### About this exercise
An exact transcription of all the data is required, with every image removed.

### Dataset excerpt
»»

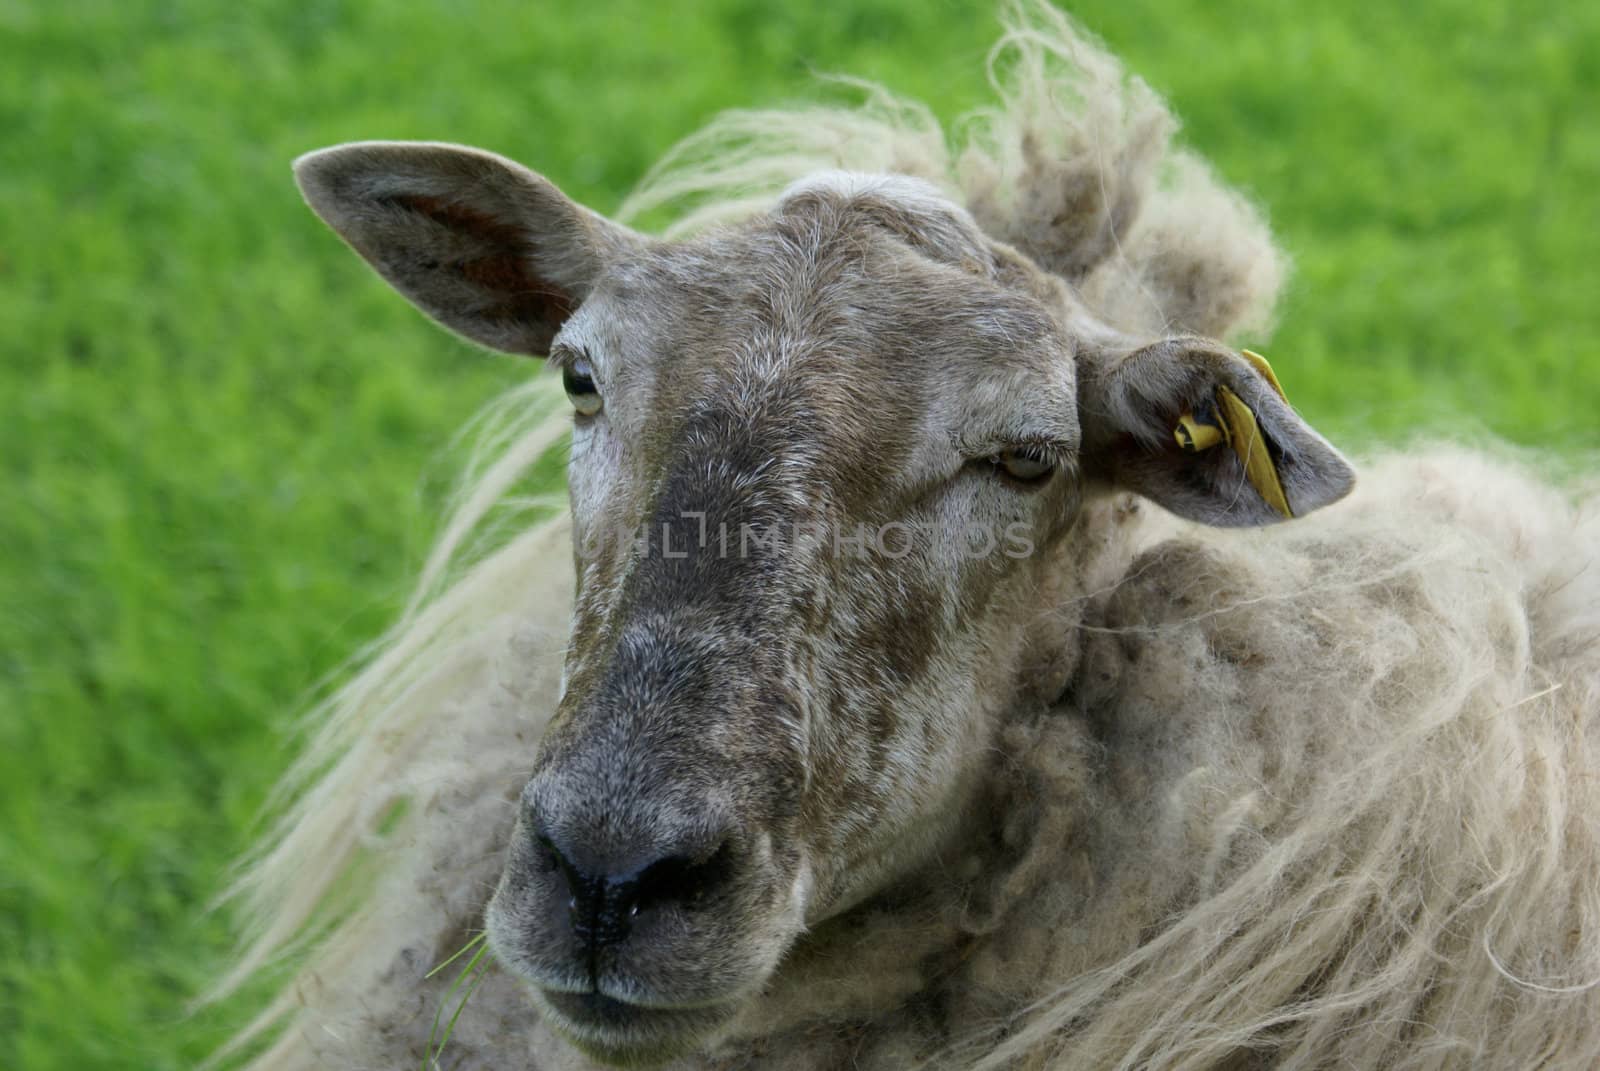 Sheep definitely needs a shear.
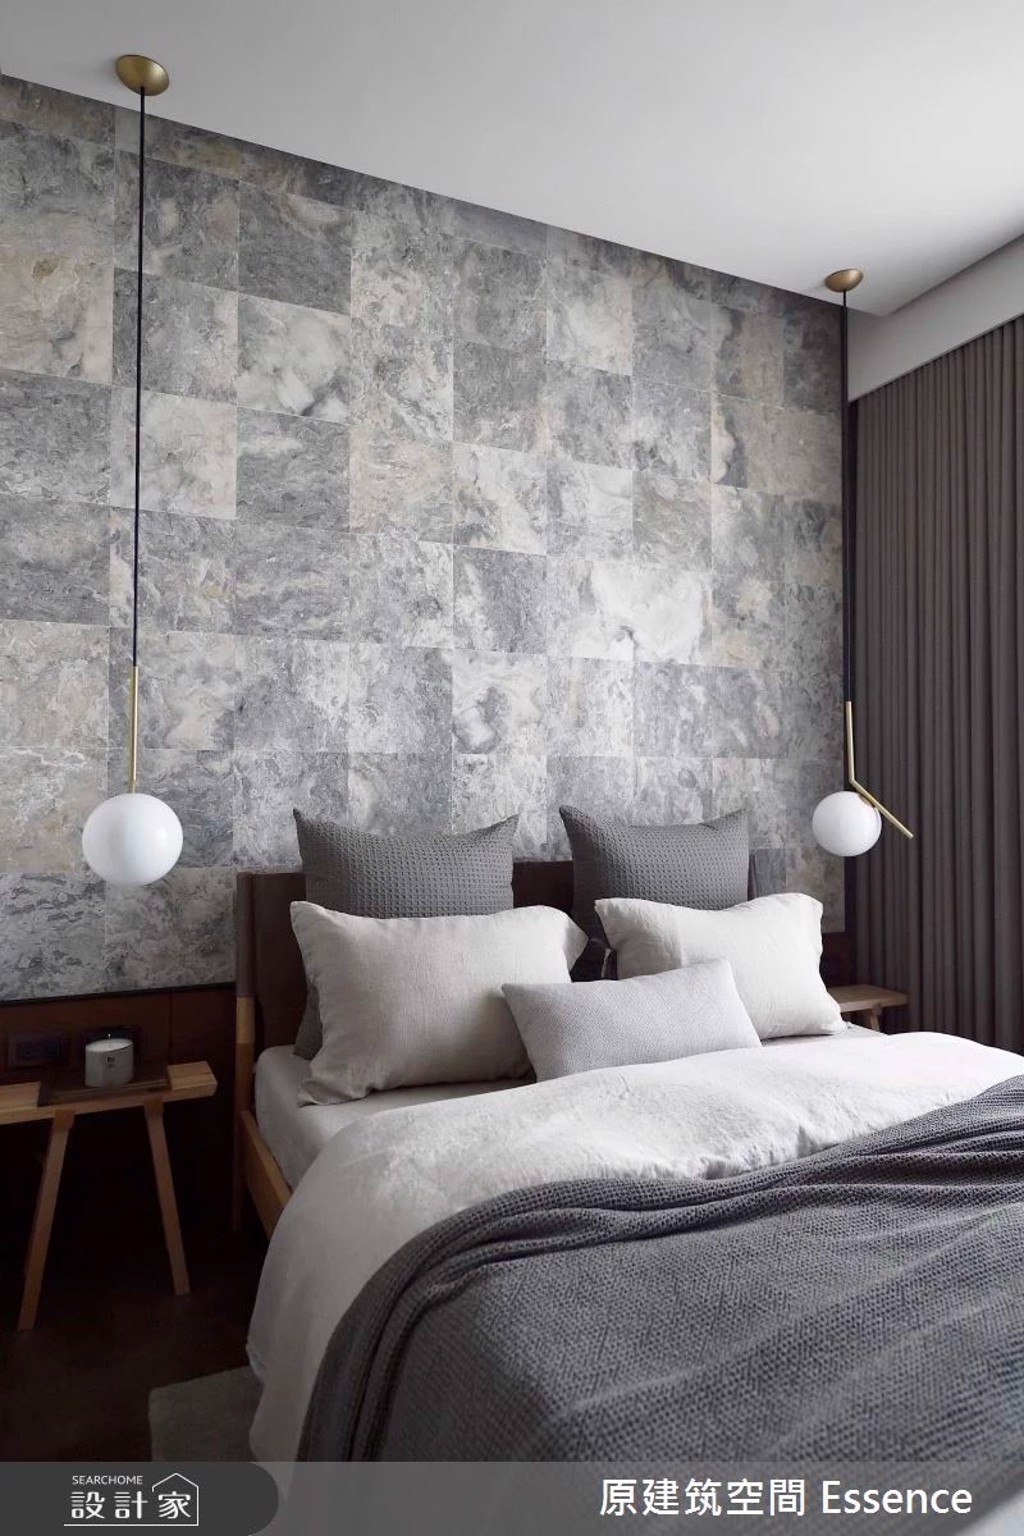 床頭背牆以台灣特有大理石做幾何拼接，灰階色調的紋理，搭配細緻的金屬燈飾，創造理性秩序和感性藝術的對話。（圖/設計家 Searchome)
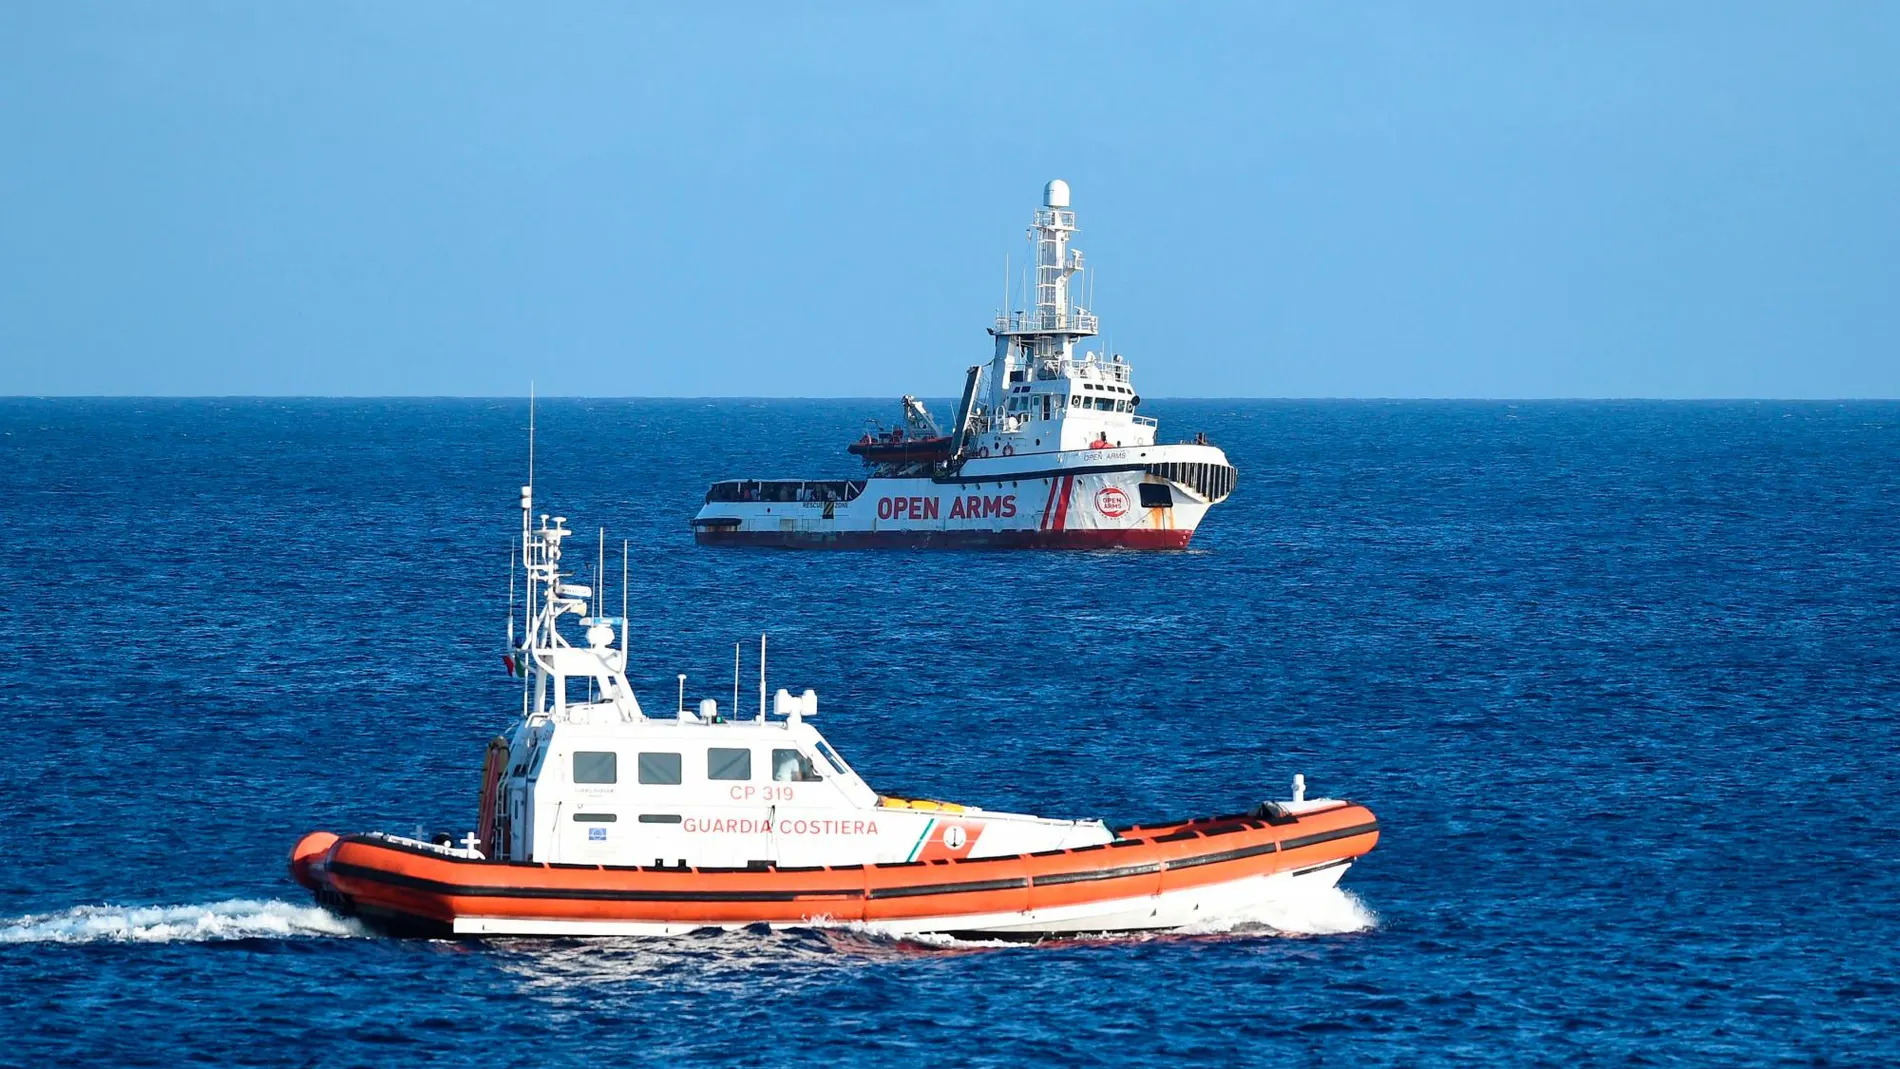 El barco de Open Arms siendo vigilado por una unidad de la guardia costera italiana

««

### Exercise output
 Sheep definitely needs a shear.
 床頭背牆以台灣特有大理石做幾何拼接，灰階色調的紋理，搭配細緻的金屬燈飾，創造理性秩序和感性藝術的對話。（圖/設計家 Searchome)
 El barco de Open Arms siendo vigilado por una unidad de la guardia costera italiana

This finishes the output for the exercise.